* **Activity**: Please return every line of the material verbatim and skip any images.

* **Data block**:
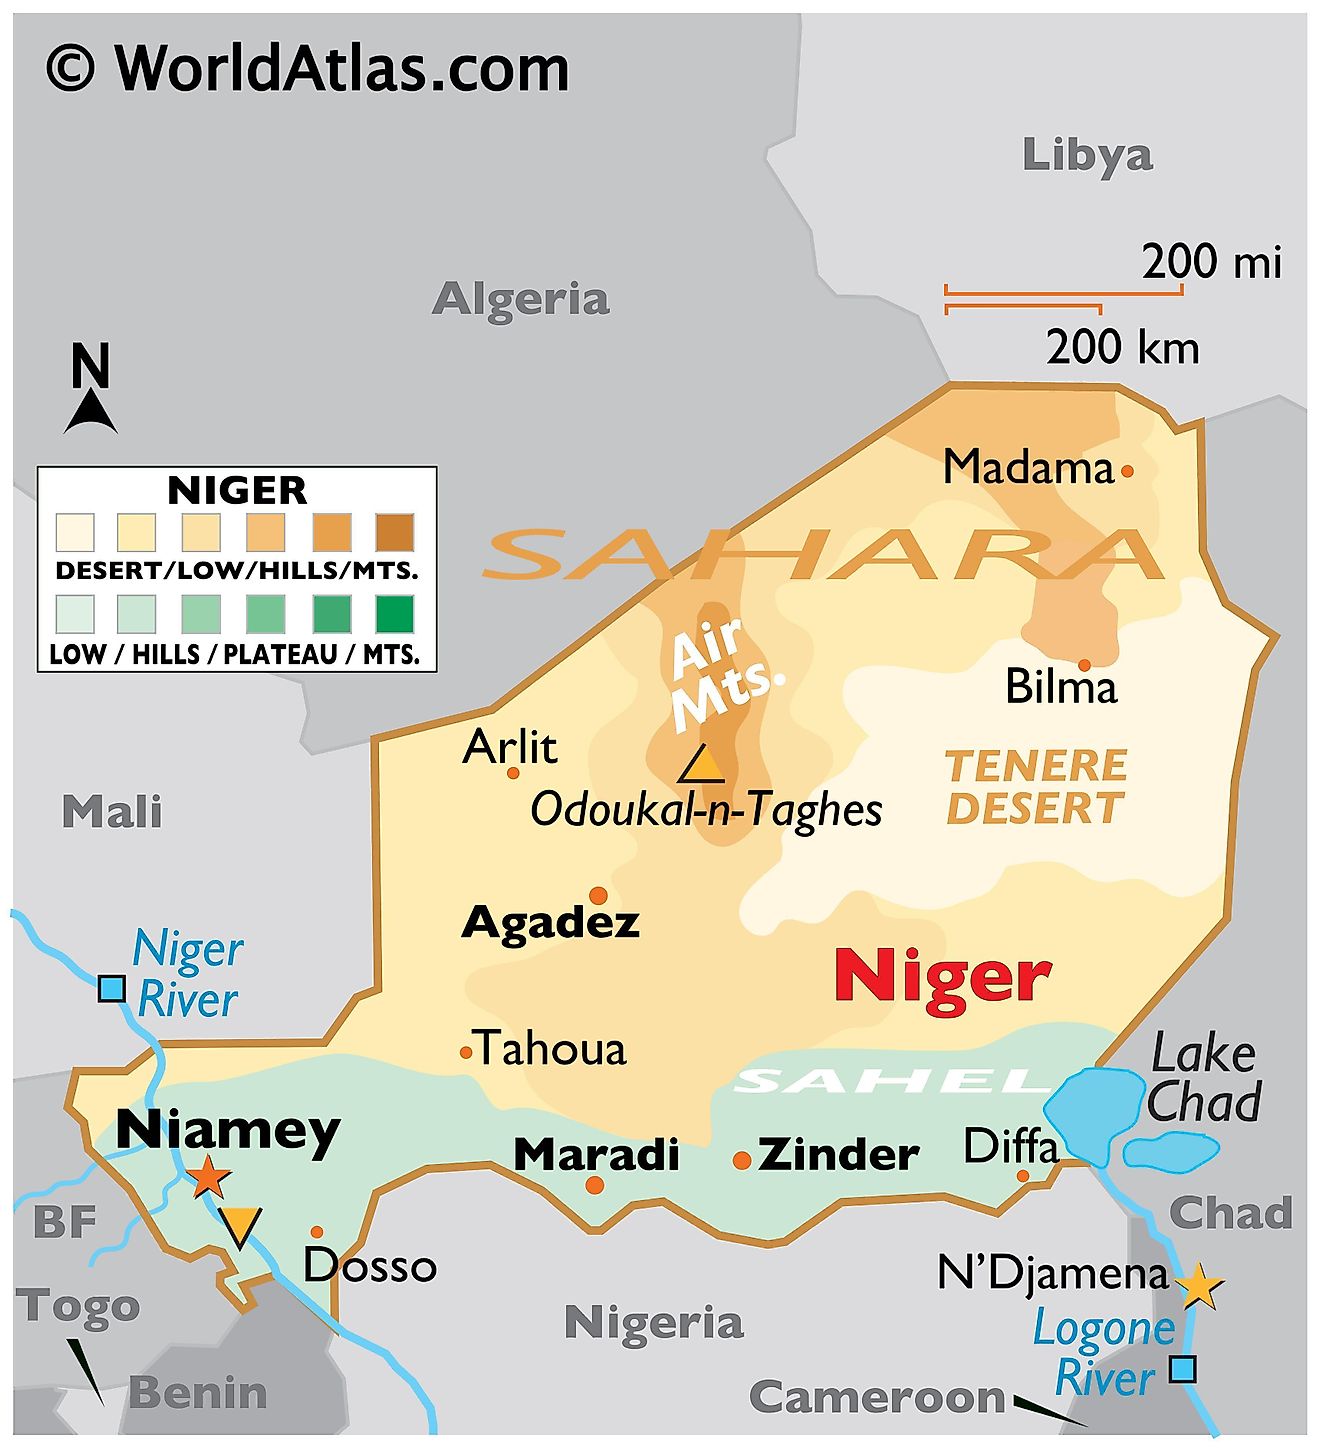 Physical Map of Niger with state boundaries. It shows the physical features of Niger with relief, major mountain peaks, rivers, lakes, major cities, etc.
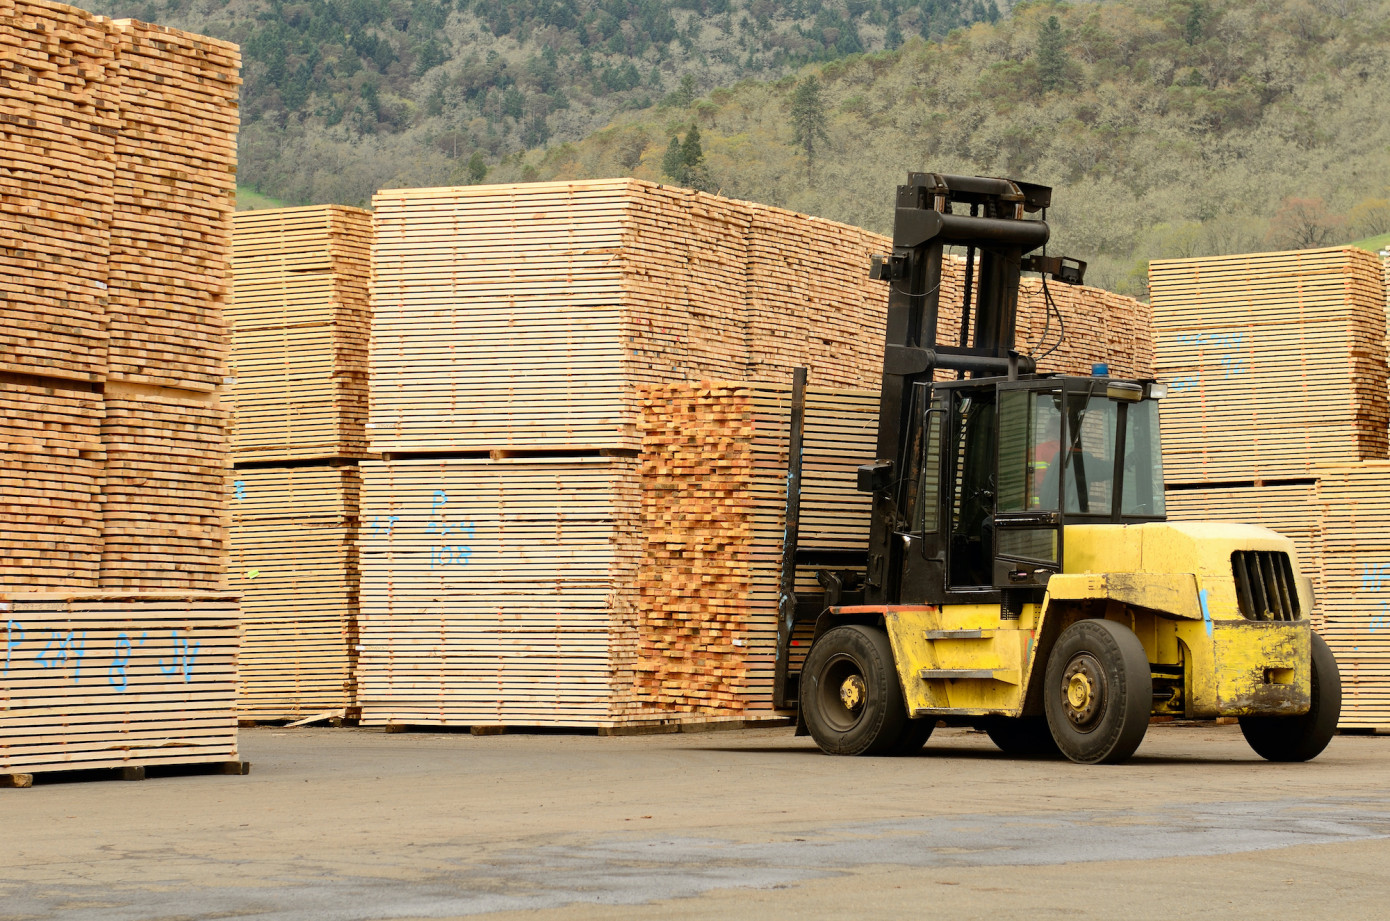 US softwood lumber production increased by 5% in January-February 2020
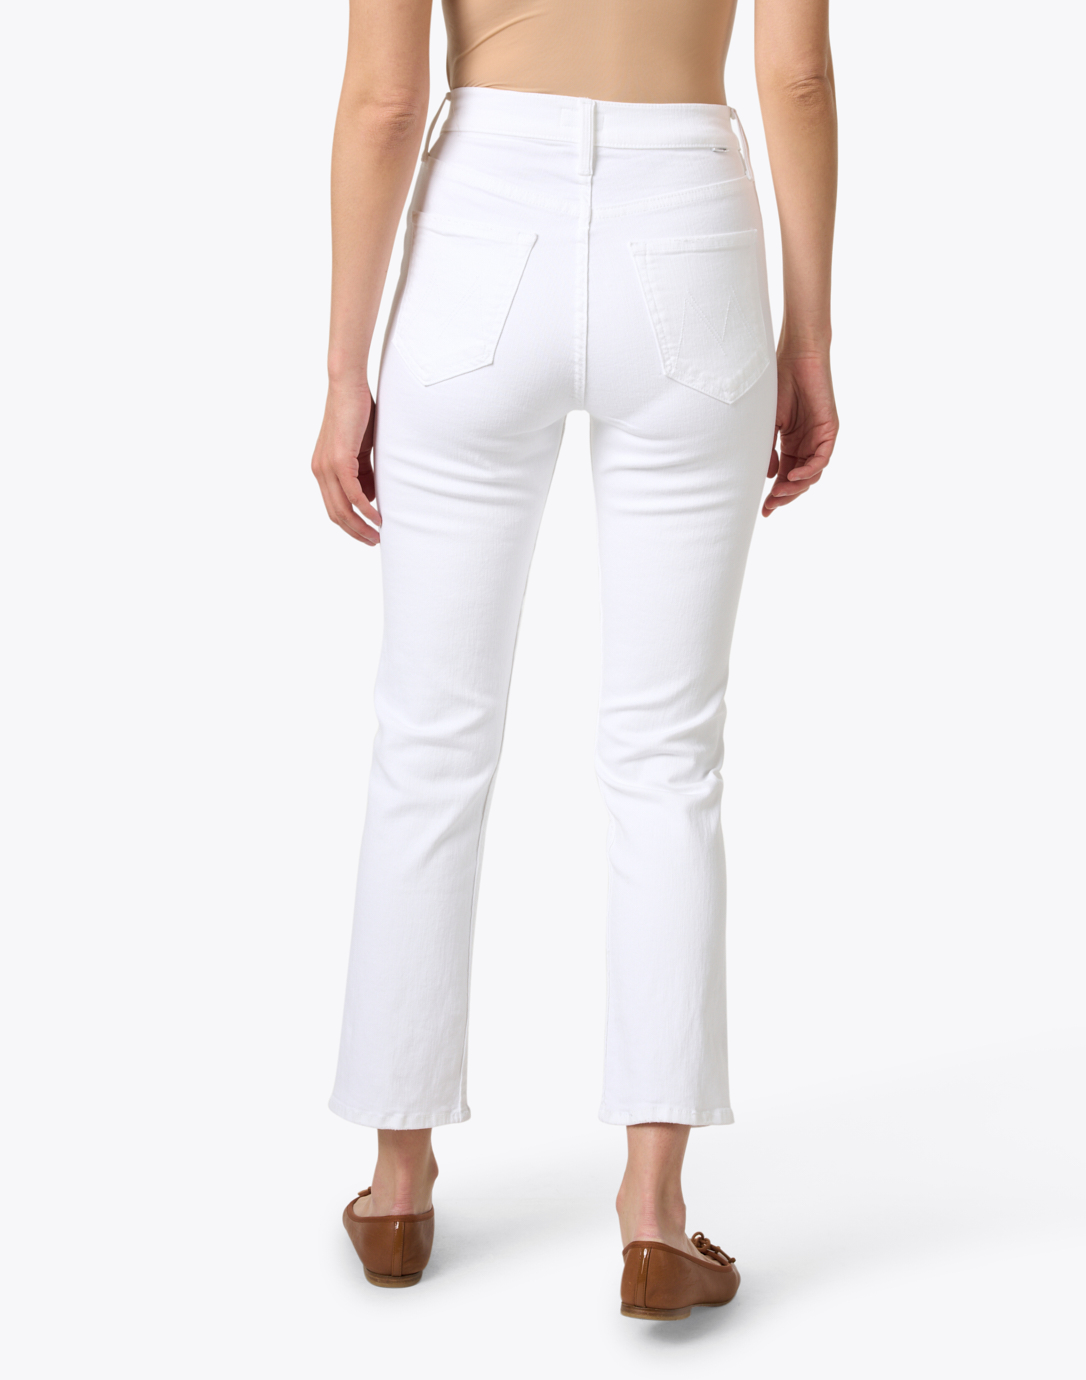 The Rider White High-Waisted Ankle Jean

* **Exercise output**:
 Physical Map of Niger with state boundaries. It shows the physical features of Niger with relief, major mountain peaks, rivers, lakes, major cities, etc.
 US softwood lumber production increased by 5% in January-February 2020
 The Rider White High-Waisted Ankle Jean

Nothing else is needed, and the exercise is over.